In prior art SRAM applications, the SRAM data is typically clocked through a series of pipeline stages. In these applications, the speed of the system is established by the slowest element response time, which establishes the clocking rate for the memory system. Further, these prior art data SRAM applications typically rely on error-free data accuracy, since the data being handled may be CPU instructions or data whose accuracy must be fully preserved when reading and writing, and having very low introduced error rates is not only essential, but the subject of many error detection and correction methods to ensure very high data accuracy.
A new type of processing system used in artificial intelligence networks and information processing architectures is known as a Neural Network (NN), and does not have these error-free data processing constraints. In certain NN applications, the data is handled asynchronously in independent stages, and does not rely on pipeline stage processing with fixed pipeline stage processing times governed by a system clock. Additionally, in certain processing applications such as image processing, because of the vast amount of data being processed by the NN, and the inherent random noise already present in the data, these NN applications may not require a high degree of accuracy in reading data, and are insensitive to random additional errors introduced by memory data retrieval errors with a noise variance smaller than the noise variance of the data used for training or inference. In other NN applications, the data precision requirement is low, and only the high order (most significant) bits of data are important or in use, and the low order (least significant) bits of data may be corrupted or lost without loss of accuracy of the inferences formed by the NN processor. However, prior art SRAMs do not provide flexibility in accuracy, but may have higher power consumption, neither of which would be helpful in certain neural network data processing applications.

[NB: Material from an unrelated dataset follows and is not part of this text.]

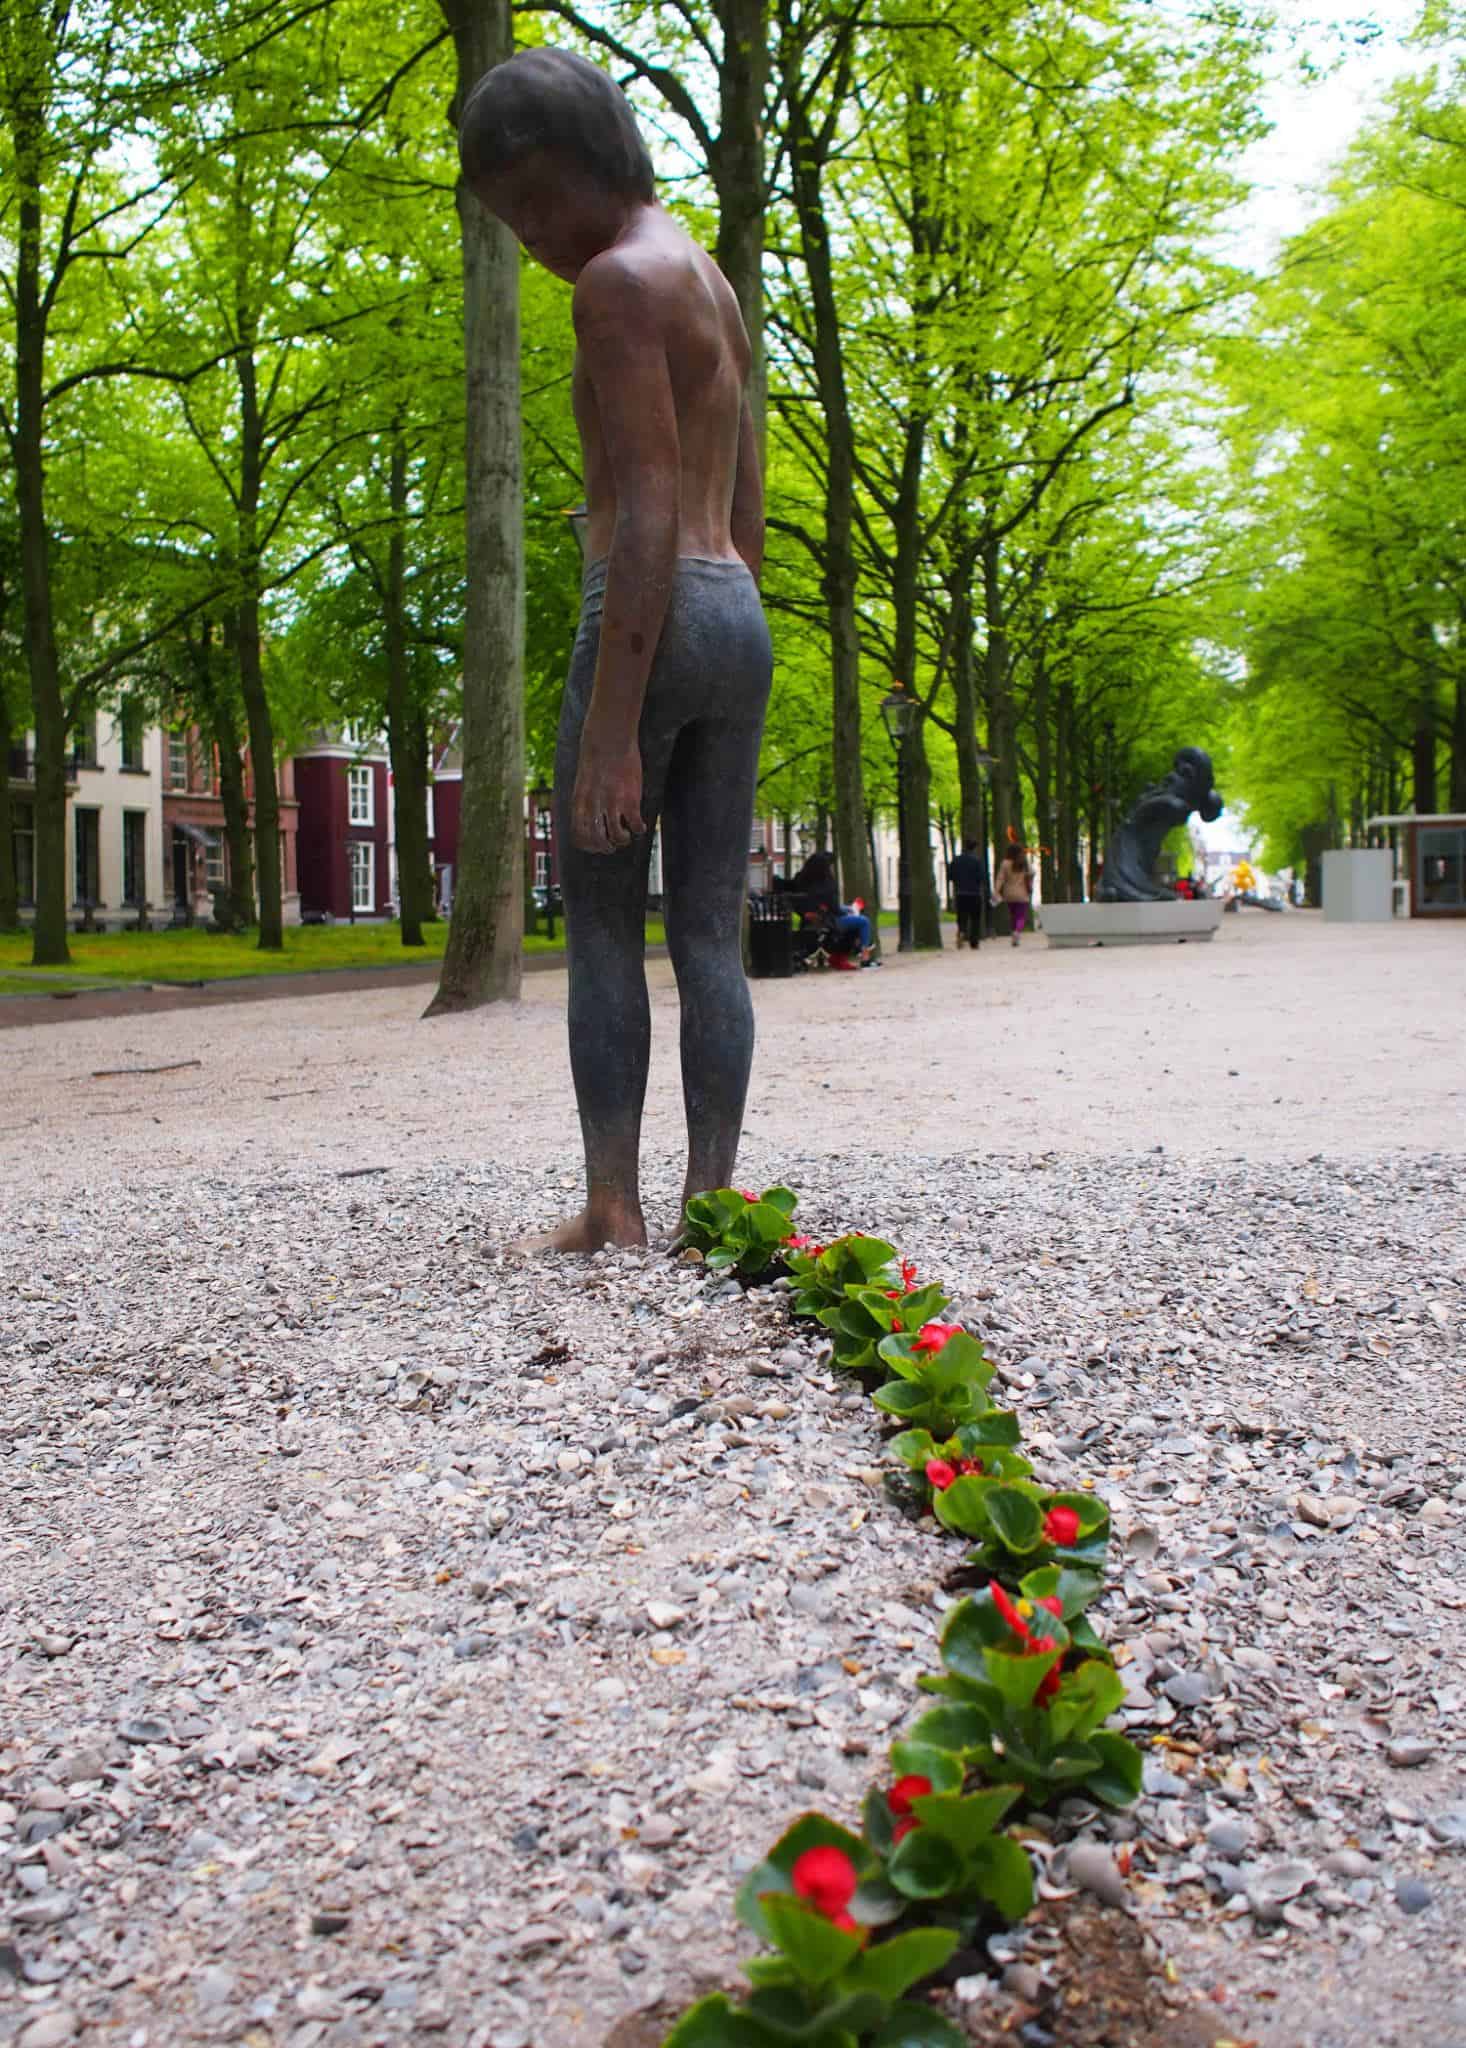 Weird sculpture in the Hague

A new memory architecture is desired which provides the ability to trade off memory access time with accuracy of retrieved data and power consumption, and to provide an arrangement of data in the memory array which provides incrementally greater accuracy for most significant bit data than for least significant bit data.
OBJECTS OF THE INVENTION
A first object of the invention is a memory array which provides a shorter bitline path for most significant bits (MSB) of a memory word than for least significant bits (LSB).

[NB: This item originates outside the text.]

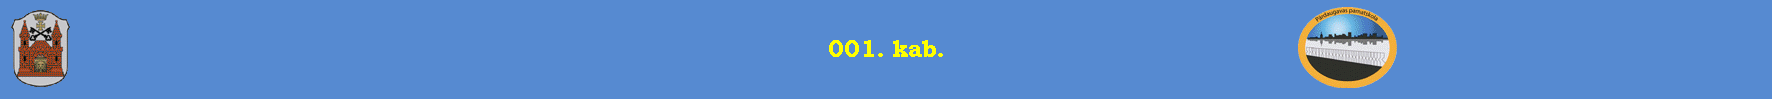 001. kab.
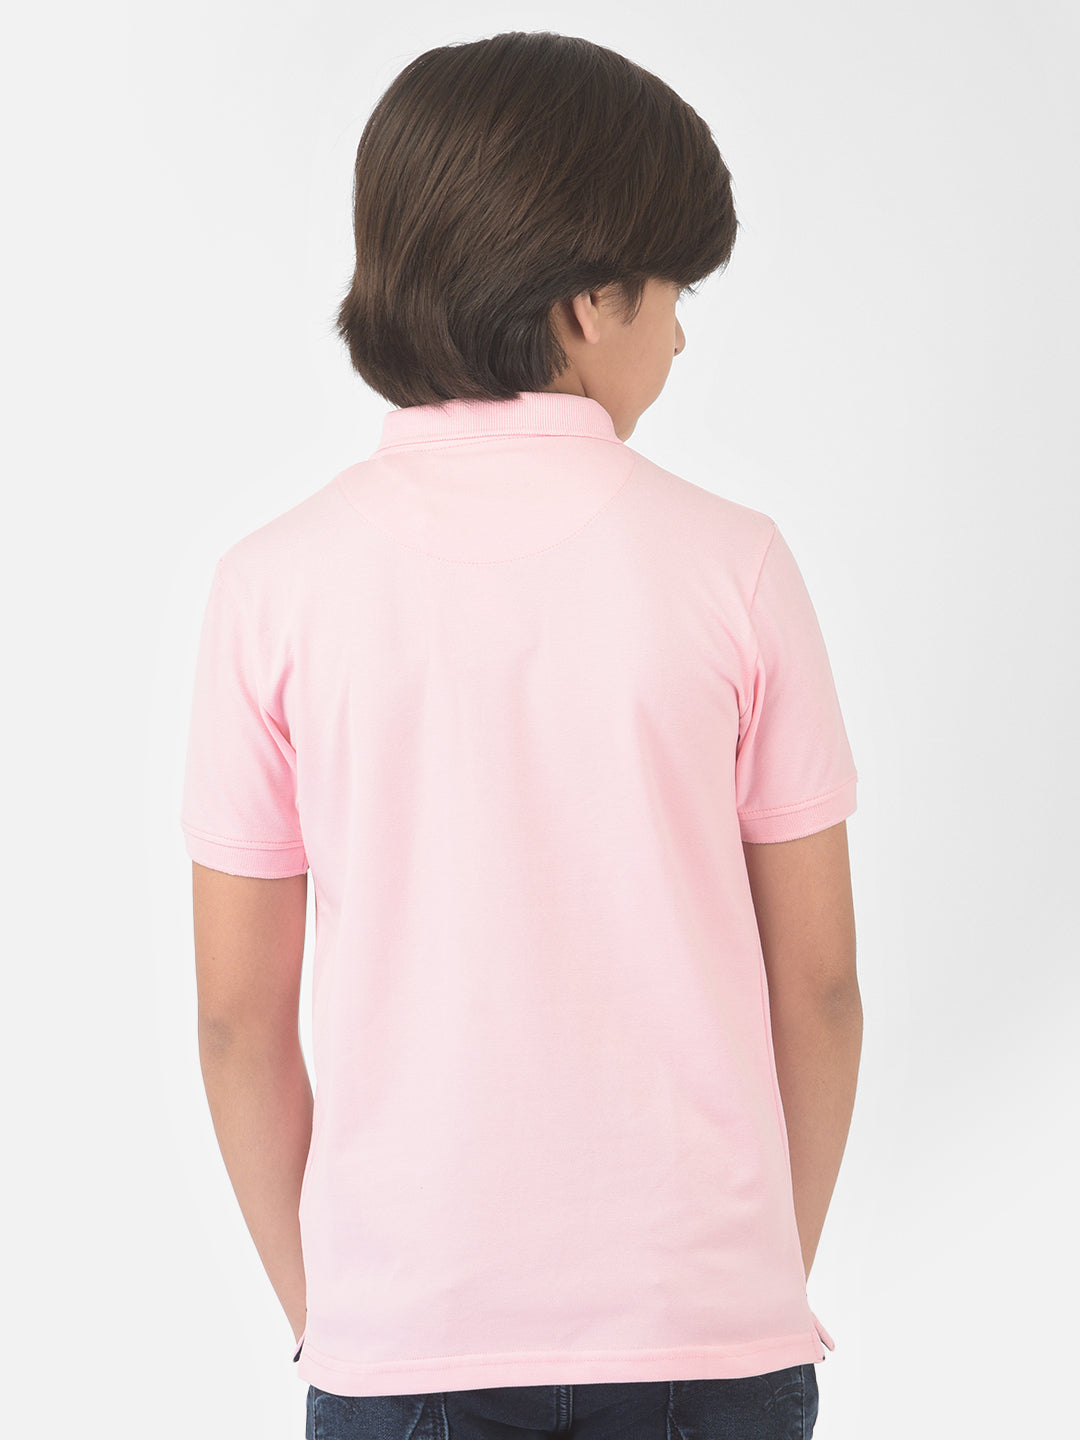 Pink Polo T-shirt - Boys T-Shirts

A second object of the invention is a memory array comprising:
- a top memory cell array accessed by activating a wordline which causes the top memory cell array to output data onto one or more bitlines;
- a bottom memory cell array accessed by activating a wordline which causes bottom memory cell array to output data onto one or more bitlines;
- a wordline controller configured to examine output data from the one or more bitlines, the wordline controller modifying a wordline pulse width until at least two of the following distinct error states occur:
- a high error rate where an MSB of a memory cell has an error rate in the range of 2% to 15%, or approximately 10%;
- a moderate error rate where an MSB of a memory cell has an error rate in the range of .5% to 2%, or approximately 1%;
- a low error rate where an MSB of a memory cell has an error rate in the range of 0.005% to 0.5%, or approximately 0.1%
- an error-free error rate where an MSB of a memory cell has an error rate less than 0.00034%.
SUMMARY OF THE INVENTION
A static random access memory (SRAM) comprises at least one memory cell array whereby a memory cell array is activated by at least one wordline which is driven by a controller. The memory cell array has output bitlines where each activated memory cell asserts output data to an input/output (IO) controller, which provides the output data to an output port of the SRAM. The controller is configured to modify a pulse width of the at least one wordline until a particular output error rate is reached, where the output error rate may be selected to fall into at least two and preferably four or more ranges, such as a high error rate of approximately 10% error rate for an MSB of a memory cell, a medium error rate of approximately 1% for an MSB of a memory cell, approximately 0.1% for an MSB of a memory cell, and an error-free rate which may be defined as less than six sigma (corresponding to an error rate less than 0.00034). In one example of the invention, the memory cell array is configured such that a wordline has a shortest length from a controller source to a memory cell column for low memory address such as 0x0000 (0x prefix indicating hexadecimal notation), and a longest length for a high memory address such as 0xFFFF for a 64 K 32 bit word memory of the present examples. In another example of the invention, the activation of a memory cell by the wordline results in the memory cell providing a plurality of bitlines carrying the memory cell output data, where the memory bits are assigned such that a bitline for an MSB is shorter than a bitline for a corresponding LSB of the same memory address.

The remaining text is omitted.